Rifle primers are made in the same two diameters as pistol primers and are designated “small” and ”large” although they are slightly higher to fit the deeper pocket in the rifle cartridge case. For this reason pistol primers should not be seated in rifle cases since they will seat too deeply and will thus often give uneven ignition. Rifle primers contain more priming compound than pistol primers since they have to ignite more powder in larger capacity cases. If you are loading both handgun and rifle ammunition, care must be taken not to mix rifle and handgun primers.

If rifle primers are seated in pistol cases they will not fit properly. They can also raise pressures to the danger point. Pistol primers tend to burn cooler, and produce more of a flame type of explosion — good for igniting fast-burning pistol powders. Rifle primers burn longer and hotter.
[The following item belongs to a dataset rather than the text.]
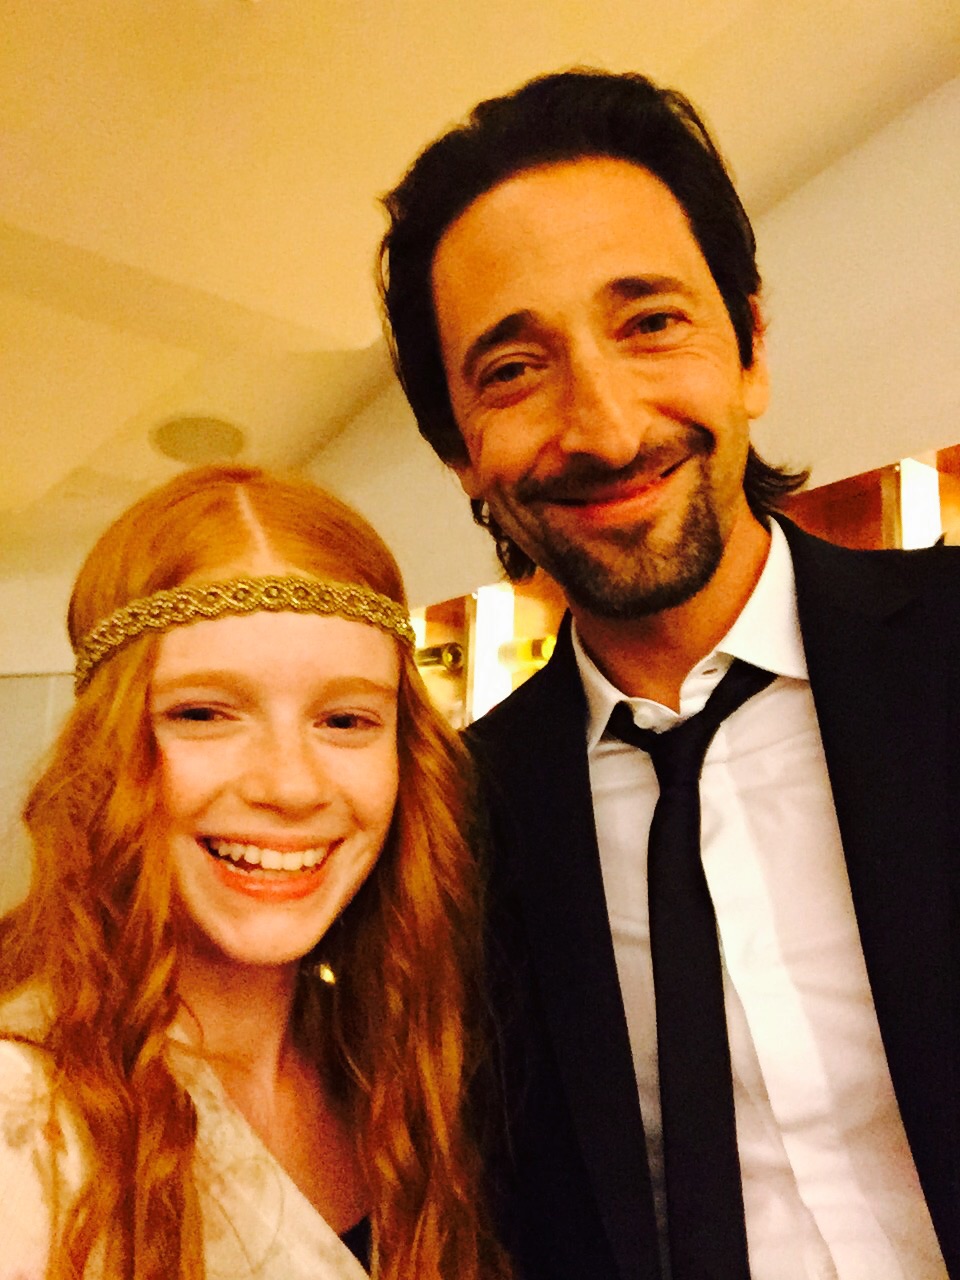 Tribeca premiere & red carpet - actress Hannah McCloud and academy award winner, Adrian Brody
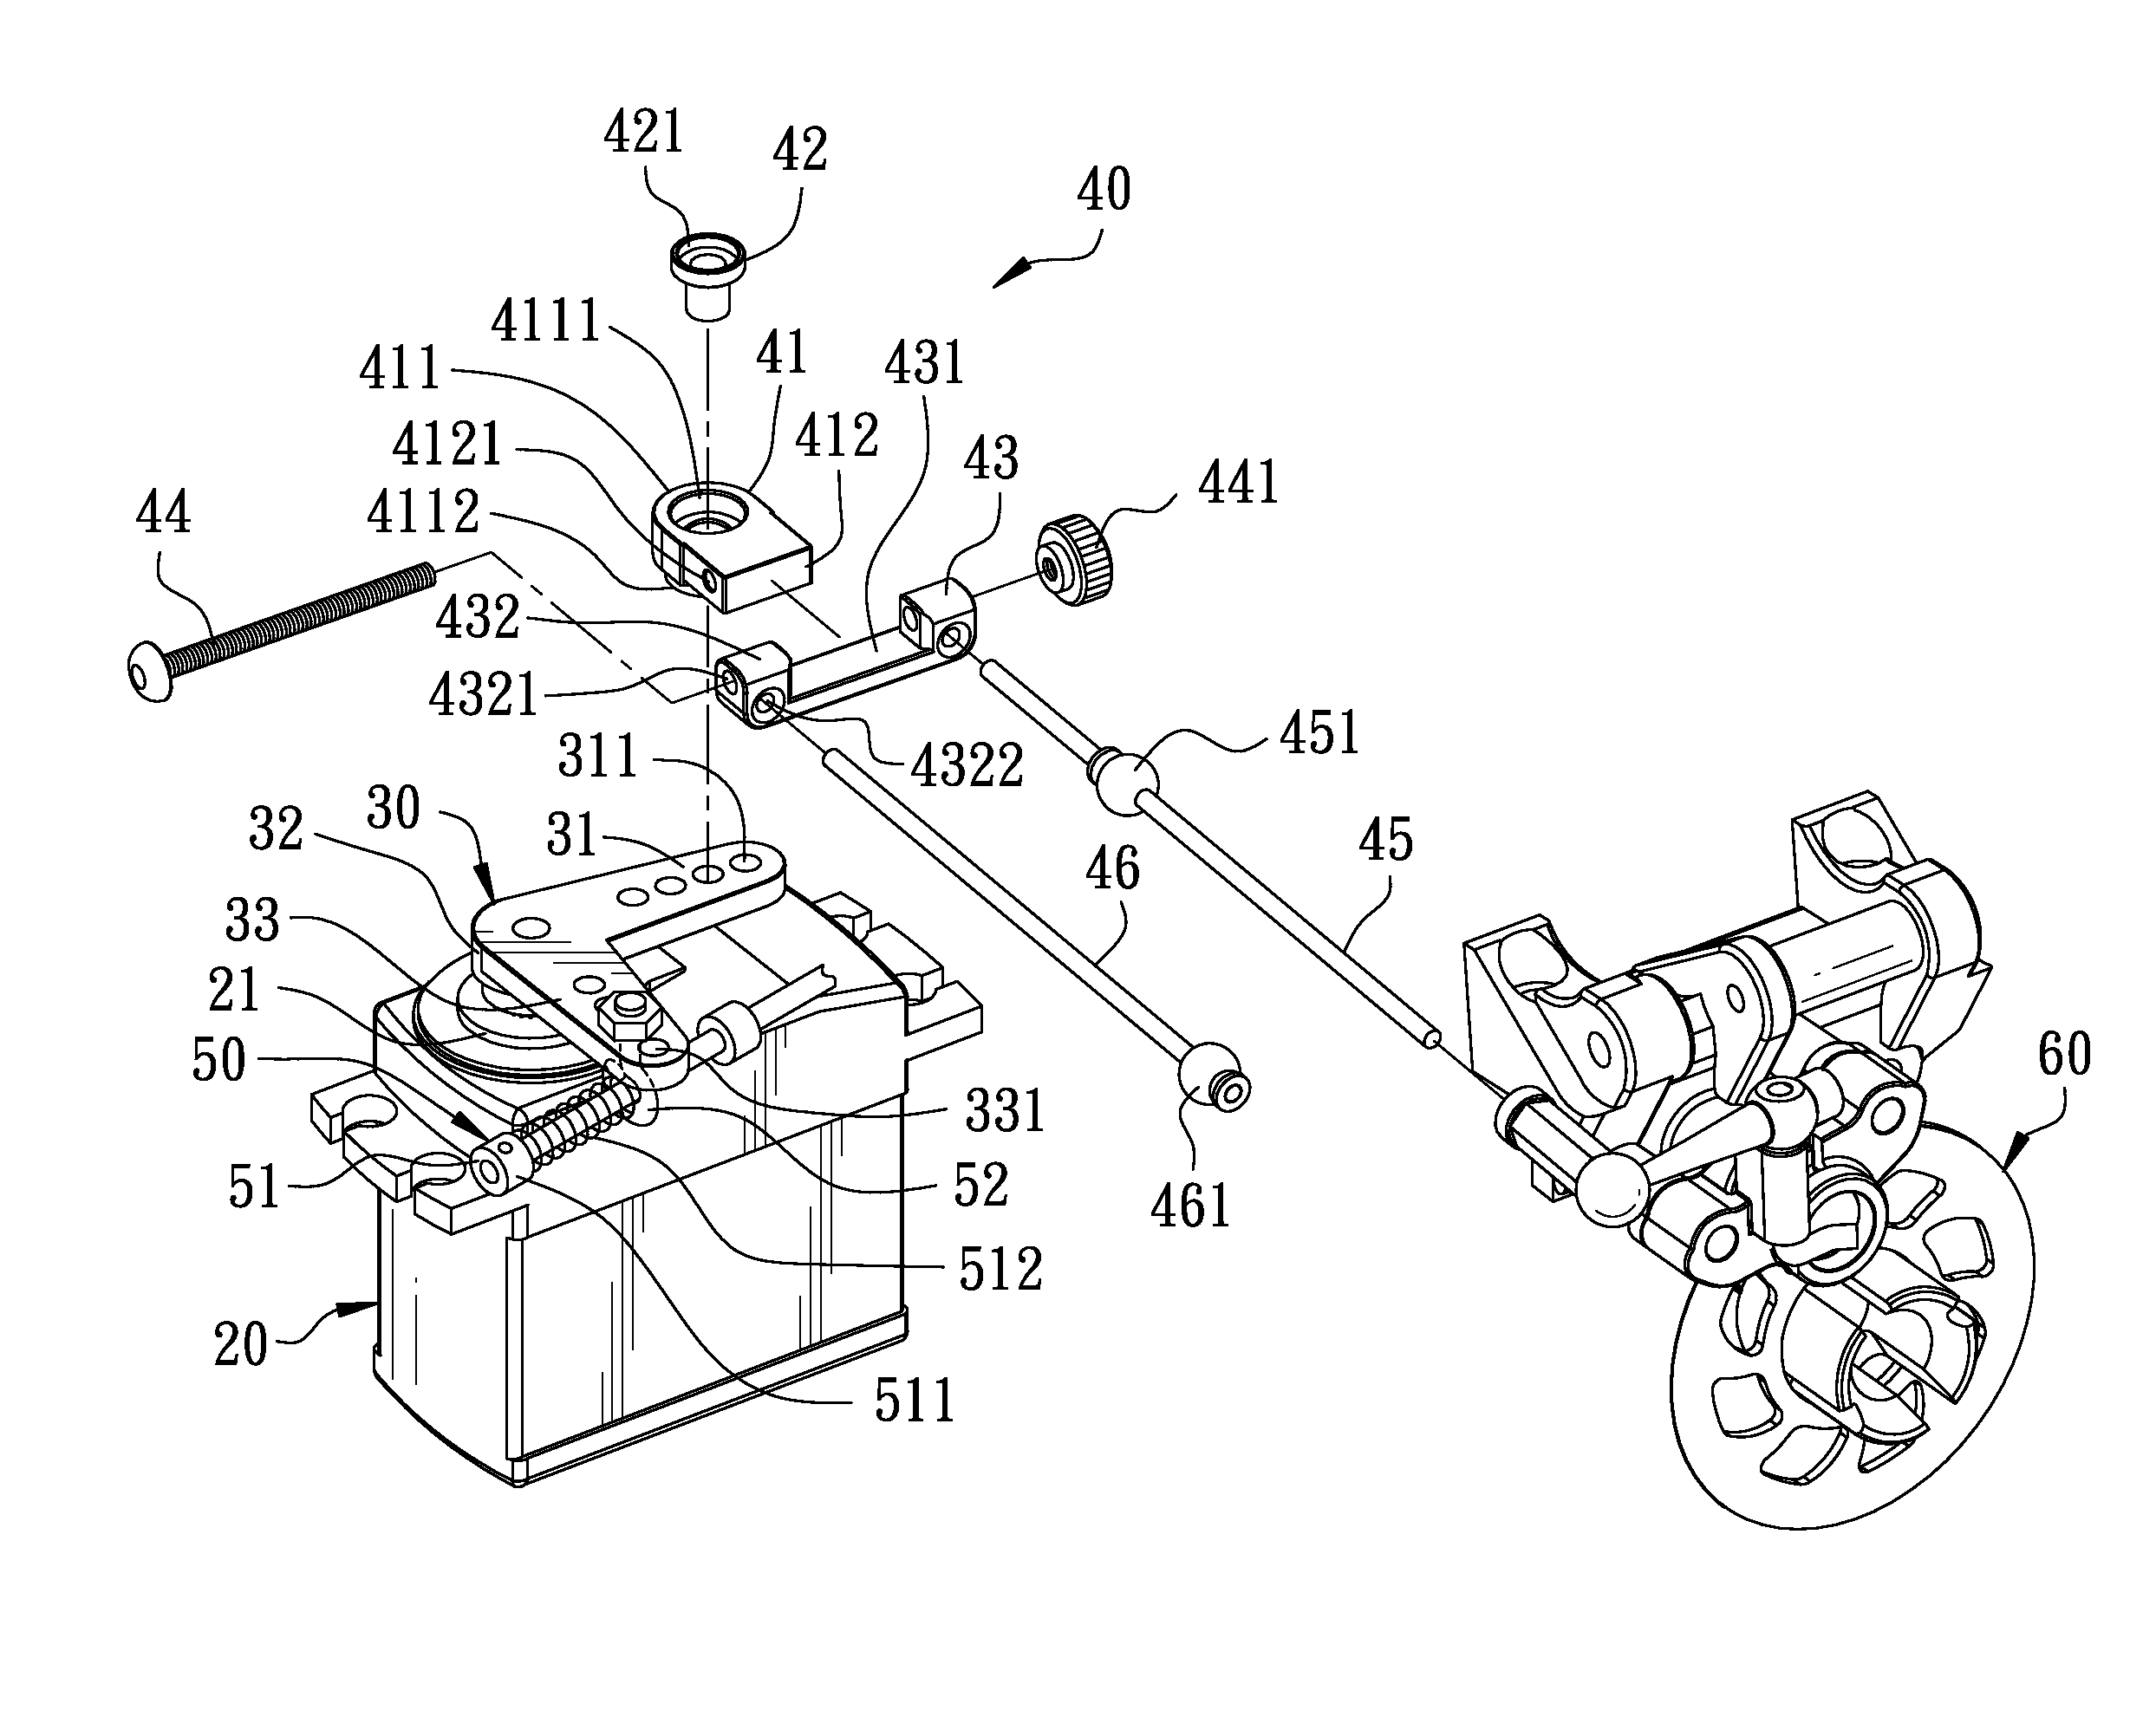 Braking ratio device for a remote control model car

They often contain metallic elements such as aluminum which create burning sparks that are blown forward into a charge of slower-burning powder.

This separates, the grains thus setting the charge on fire in a number of places at once to achieve an even burning of the charge. This explosive quality is known as “brisance.” Magnum rifle primers have still more compound, burn longer and hotter and are used in very large-capacity cases such as the 458 Winchester Magnum. Companies such as CCI also market a “bench rest” rifle primer.

This is simply a standard rifle primer, but made to very strict tolerances assuring the reloader that each primer in a given lot will have a very precisely measured amount of compound and that the diameter and hardness of all components are within very strict tolerances. These premium-quality primers give very even ignition needed for the exacting demands of the expert, competition target shooter.

Shotshell primers have special characteristics needed to work properly in modern, plastic shotshells. Early shotshells were made of brass and were generally of a rifle-type of construction. They used rifle-style primers. Modern shells are of a composite construction with a metal head surrounding a paper, now primarily a plastic body. Inside is a base wad made of plastic or compressed paper.

Shotshells have unique ignition problems. As the mouth of the shell becomes worn and softened with repeated reloading the opening of the crimp becomes progressively easier. Modern shotgun powders require a certain amount of pressure and confinement to function properly. This decreases as the crimp softens. For proper ignition, the powder requires a very high temperature over a longer than usual burn time but without the brisant quality of the magnum rifle powder which would tend to blow the crimp open before much of the powder was ignited. A shotshell primer produces what is often referred to as a “soft ignition.”

Because of the design of modern shotshells, the primer is held in a large, longer than normal housing called a “battery cup” which extends well into the base wad so the flame issuing from the primer mouth will not be inhibited by any part of the wad and can direct its full blast into the powder charge.